> _Dataset_:
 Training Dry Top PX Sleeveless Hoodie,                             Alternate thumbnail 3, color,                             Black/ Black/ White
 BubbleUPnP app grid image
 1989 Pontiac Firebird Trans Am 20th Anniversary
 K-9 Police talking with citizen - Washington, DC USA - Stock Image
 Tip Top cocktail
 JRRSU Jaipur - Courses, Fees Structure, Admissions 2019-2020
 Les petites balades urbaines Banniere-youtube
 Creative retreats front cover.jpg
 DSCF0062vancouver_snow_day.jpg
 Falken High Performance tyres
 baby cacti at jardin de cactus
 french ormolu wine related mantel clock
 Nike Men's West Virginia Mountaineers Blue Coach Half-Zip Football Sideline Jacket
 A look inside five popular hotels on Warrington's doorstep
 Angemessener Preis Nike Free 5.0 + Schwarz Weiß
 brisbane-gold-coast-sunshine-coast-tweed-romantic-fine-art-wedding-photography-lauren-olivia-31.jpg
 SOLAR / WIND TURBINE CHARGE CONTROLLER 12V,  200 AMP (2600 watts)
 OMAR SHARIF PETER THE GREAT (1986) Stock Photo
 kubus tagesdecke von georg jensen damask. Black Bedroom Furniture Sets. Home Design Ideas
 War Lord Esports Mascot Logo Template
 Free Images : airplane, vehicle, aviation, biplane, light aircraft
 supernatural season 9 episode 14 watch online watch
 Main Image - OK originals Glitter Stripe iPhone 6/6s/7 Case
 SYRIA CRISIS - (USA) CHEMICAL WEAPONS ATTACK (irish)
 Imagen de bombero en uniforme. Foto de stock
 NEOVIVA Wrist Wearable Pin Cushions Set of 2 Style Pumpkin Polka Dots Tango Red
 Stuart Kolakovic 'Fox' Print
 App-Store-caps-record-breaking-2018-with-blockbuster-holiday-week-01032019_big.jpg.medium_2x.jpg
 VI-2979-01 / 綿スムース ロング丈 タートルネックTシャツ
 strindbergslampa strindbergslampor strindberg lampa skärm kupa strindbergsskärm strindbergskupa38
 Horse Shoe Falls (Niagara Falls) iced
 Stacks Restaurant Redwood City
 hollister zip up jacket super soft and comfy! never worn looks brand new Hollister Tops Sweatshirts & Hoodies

> _Task instructions_: How many lines of the entries above include the word "Free"? Answer with the number only.

> _Answer to the problem_: 2